九州観光の試練と希望!ラグビーW杯で見えた「脱・韓国」シフトへの転換点

九州の観光業がいま、かつてない激動の渦中に立たされています。九州運輸局が2019年12月13日に公表した最新の統計データによれば、2019年9月に九州を訪れた外国人入国者数は26万9772人にとどまりました。これは前年の同じ月と比較して36.0%という大幅な落ち込みであり、実に9カ月連続で前年実績を下回るという厳しい現実を突きつけています。

この急激な冷え込みの最大の要因は、冷え切った日韓関係にあります。

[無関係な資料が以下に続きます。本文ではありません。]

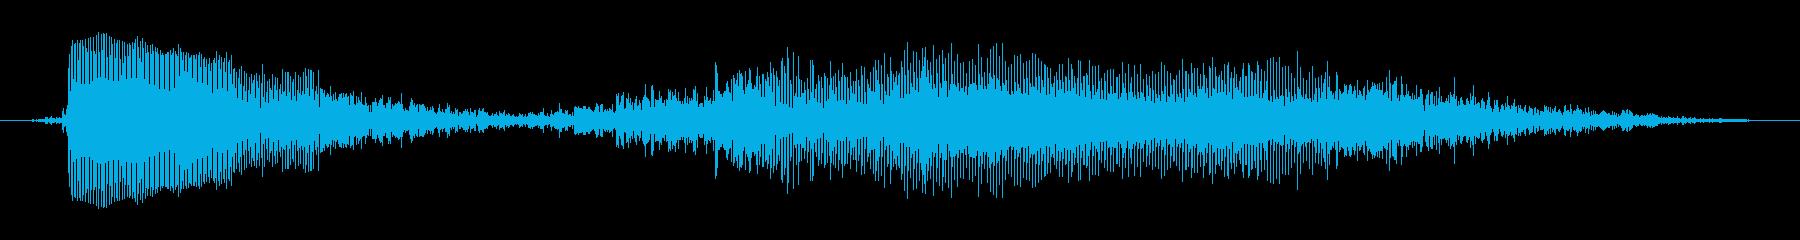 おっは~(眠たい)の再生済みの波形

韓国からの旅行者は、前年同月比で73.5%減の4万8540人という衝撃的な数字を記録しました。これは2013年に国や地域別の統計を開始して以来、過去最大の減少幅となります。政治的な緊張から旅行のキャンセルが相次ぎ、九州と韓国を繋ぐ空の便や船の便が運休・減便に追い込まれたことが、ダイレクトに反映される形となりました。

SNS上では、この状況に対して「行きつけの温泉地が静かになって寂しい」と嘆く声がある一方で、「今こそ特定の国に依存しすぎない観光戦略を立て直すべきだ」という、インバウンドの多様化を求める前向きな意見も目立っています。これまで九州がいかに韓国市場に支えられてきたかを痛感させられると同時に、依存度の高さという構造的な課題が浮き彫りになったといえるでしょう。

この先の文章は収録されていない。